> **INFORMATION PROVIDED**:
※ ※ ※
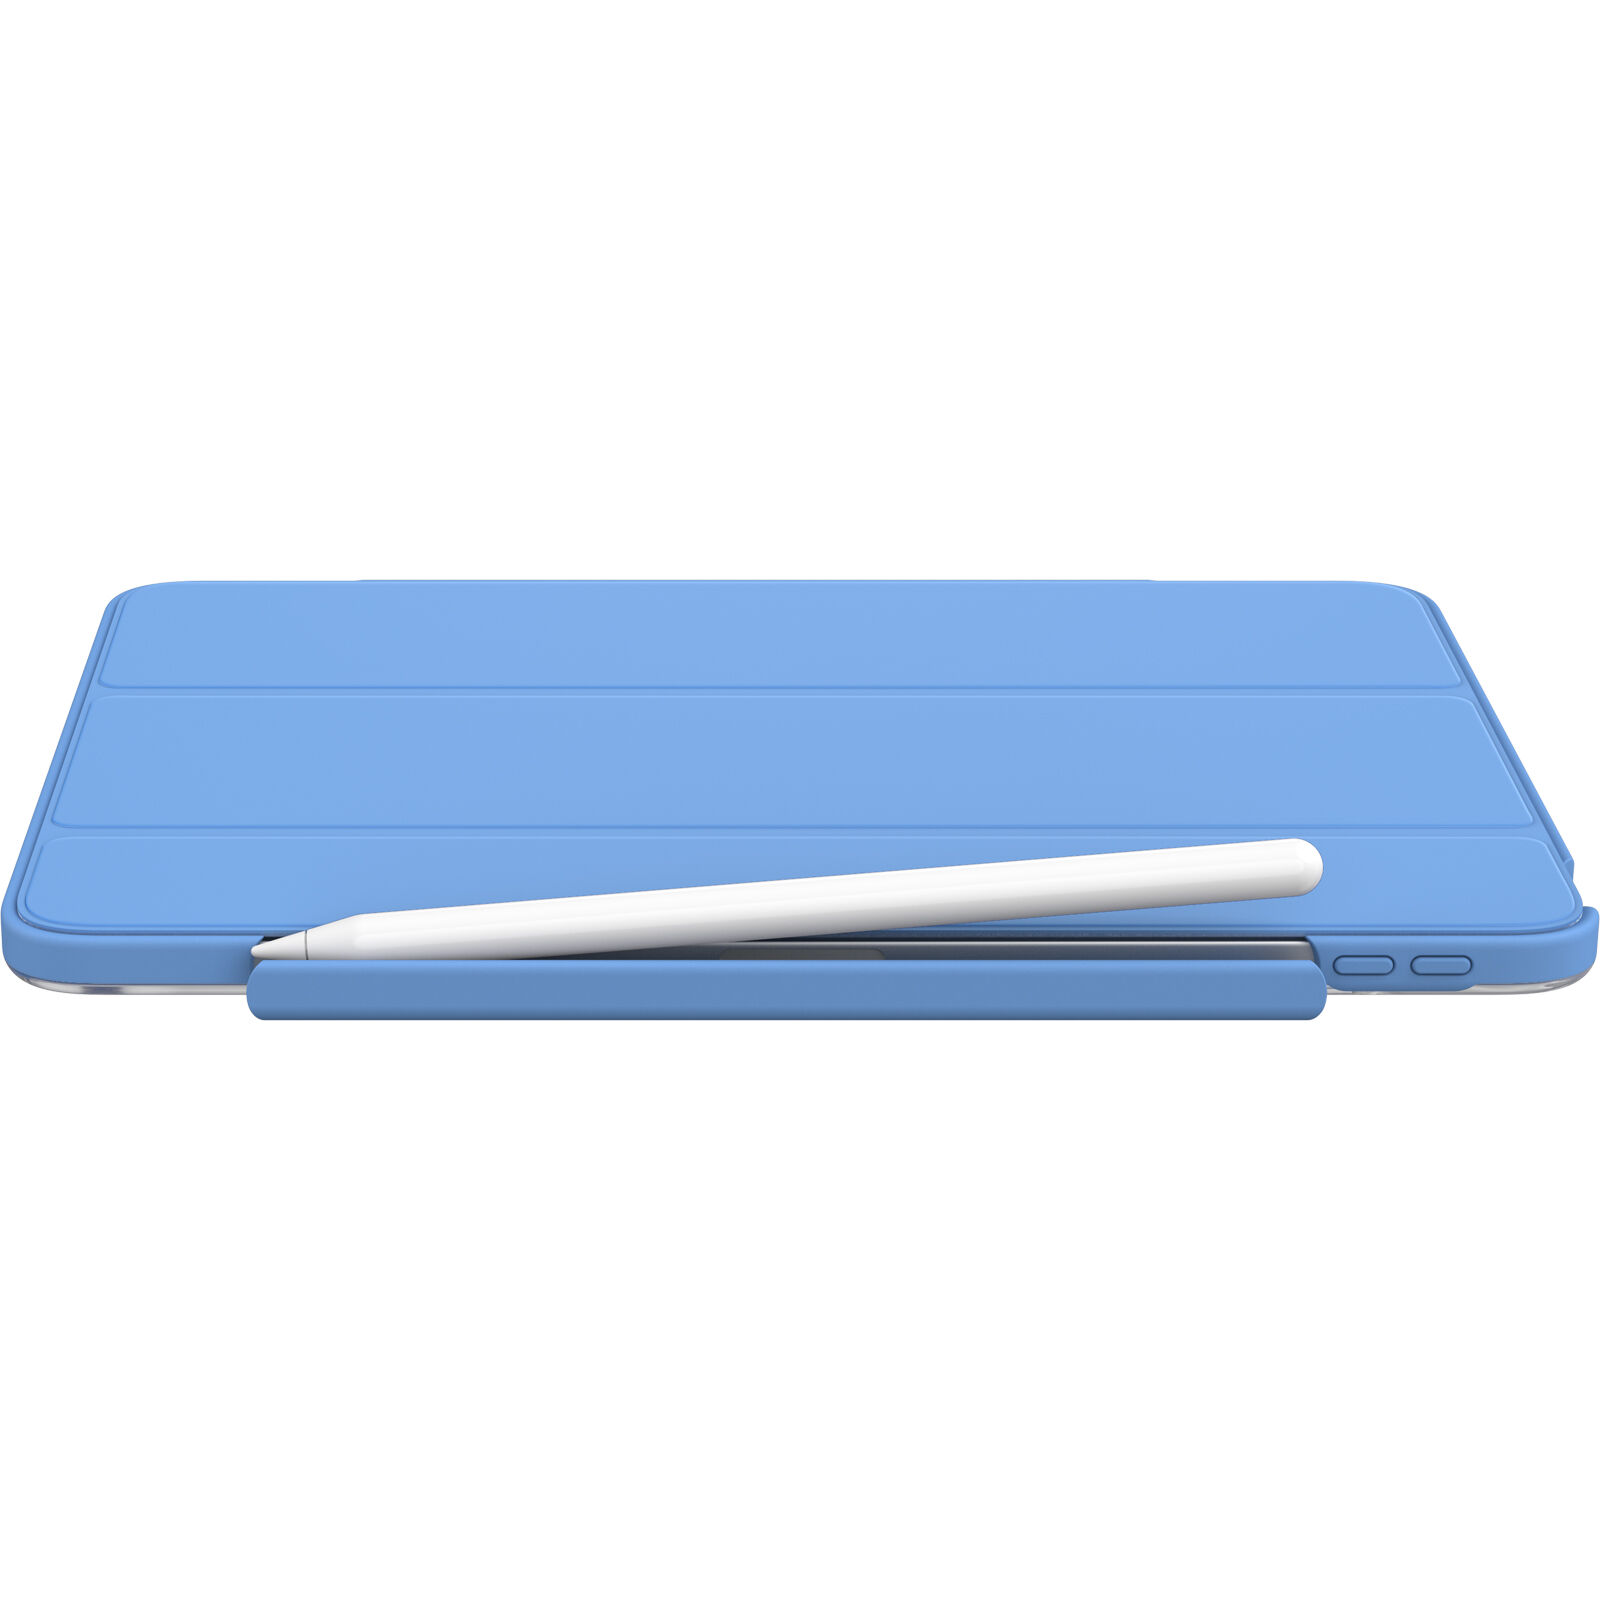 Symmetry 360 Elite 12.9インチ ipadカバー - iPadアクセサリー
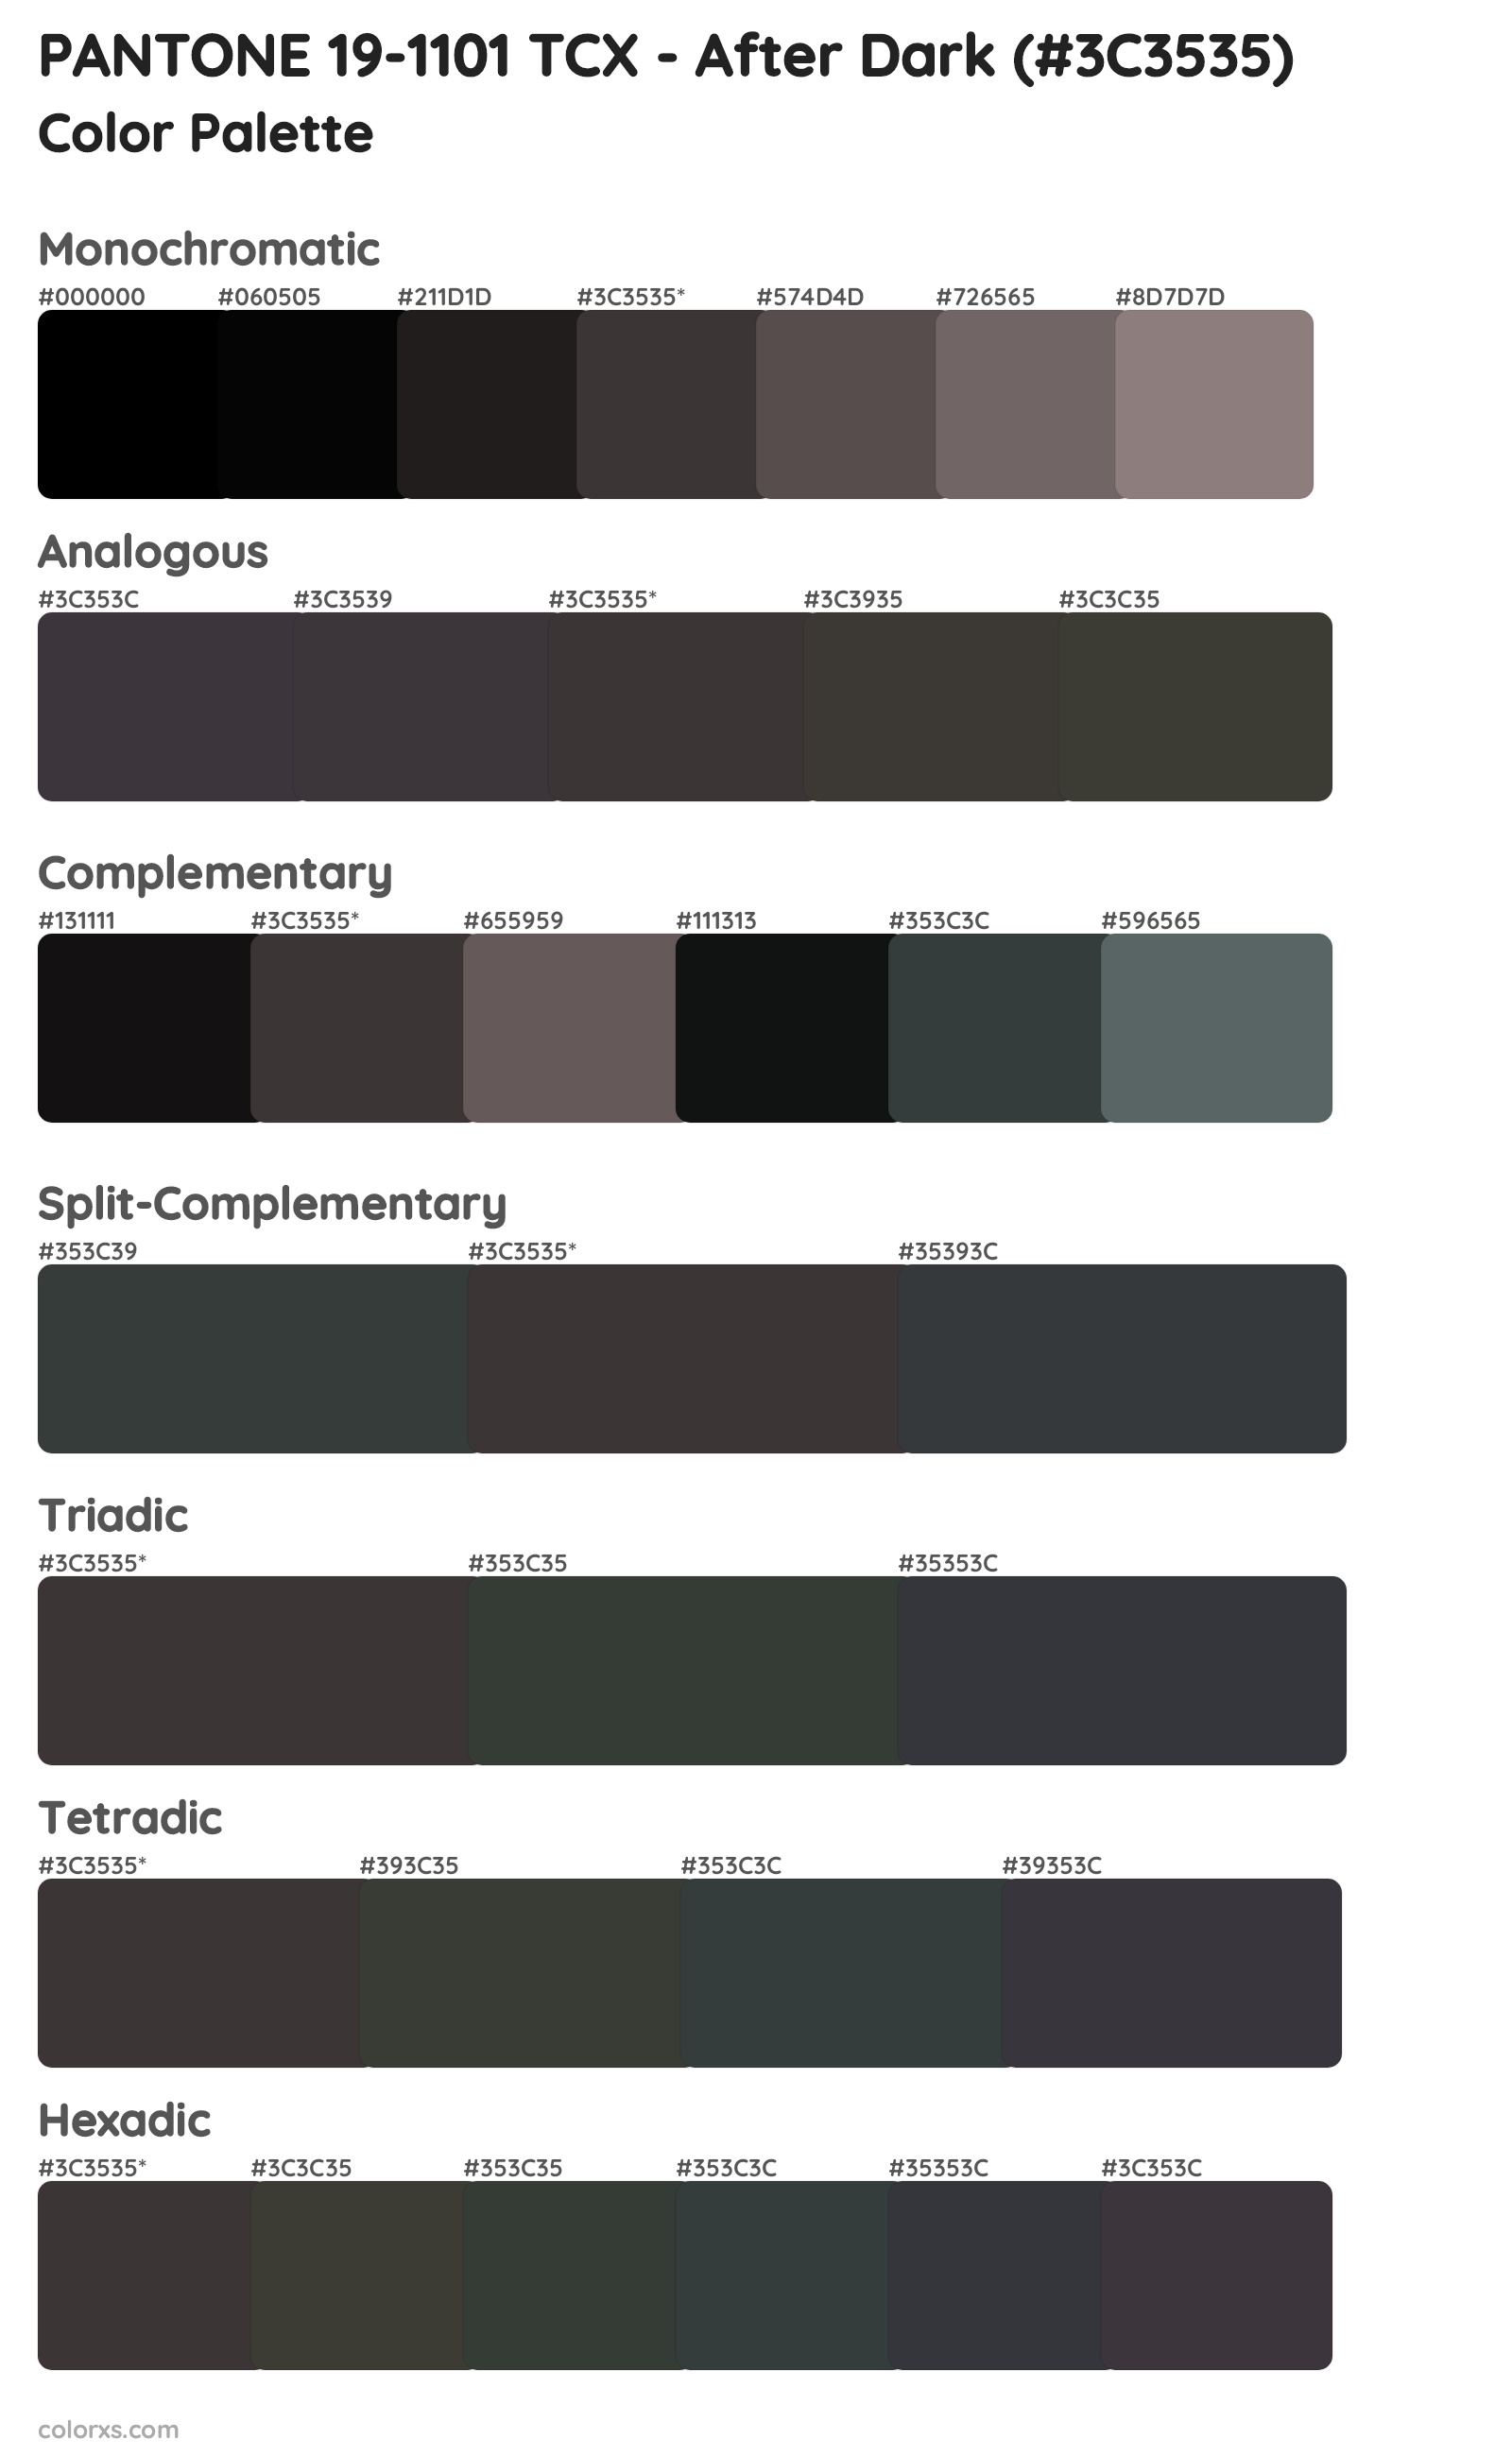 PANTONE 19-1101 TCX - After Dark Color Scheme Palettes
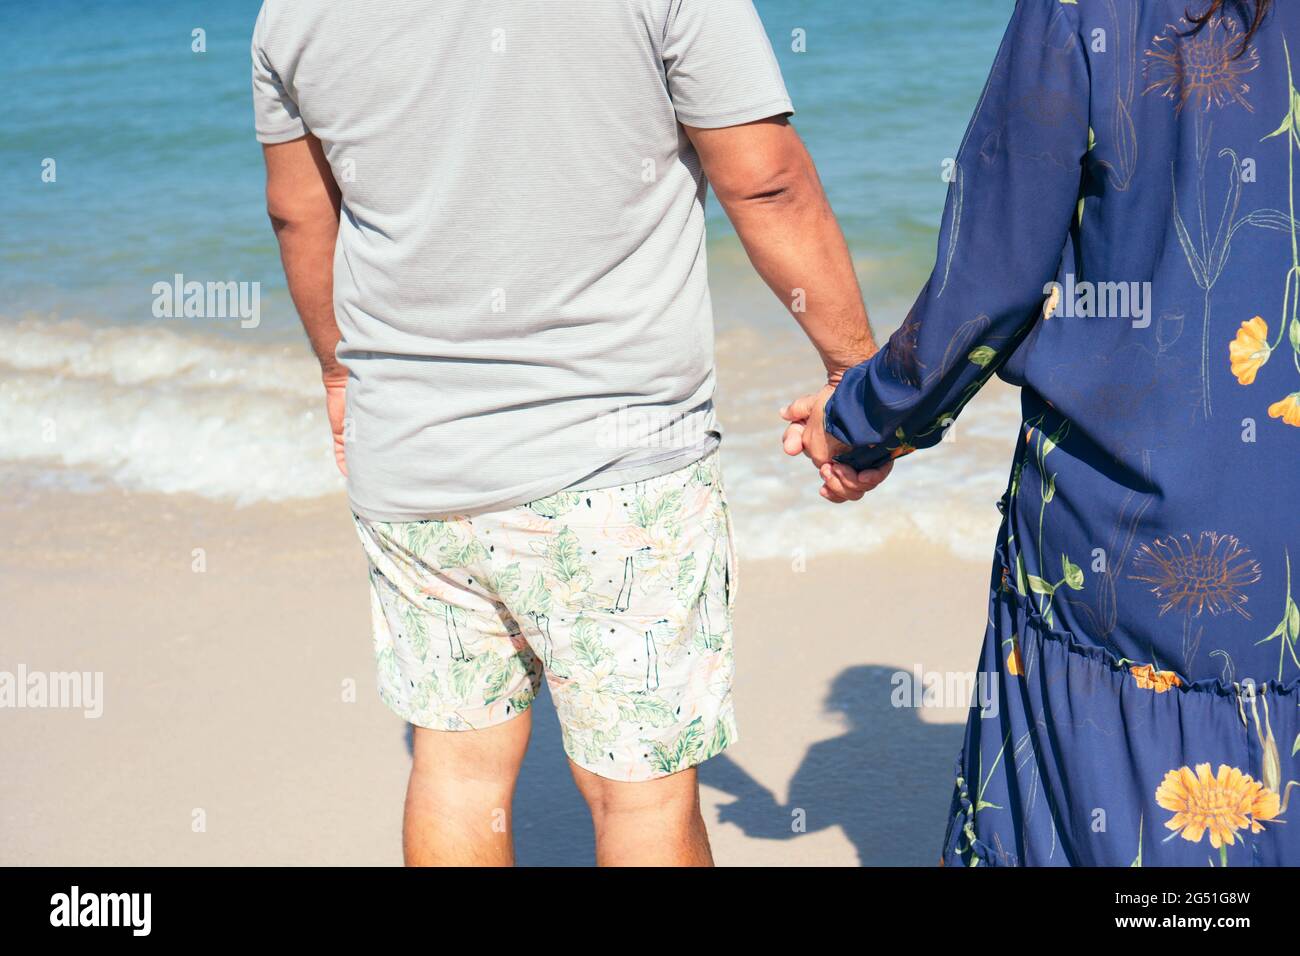 Ein älteres Paar stand Hand in Hand mit dem Strand vor ihnen. Stockfoto
※ ※ ※
Drop every picture from the data, then output all the rest exactly.

> **OUTPUT FOR THIS EXERCISE**:
 Symmetry 360 Elite 12.9インチ ipadカバー - iPadアクセサリー
 PANTONE 19-1101 TCX - After Dark Color Scheme Palettes
 Ein älteres Paar stand Hand in Hand mit dem Strand vor ihnen. Stockfoto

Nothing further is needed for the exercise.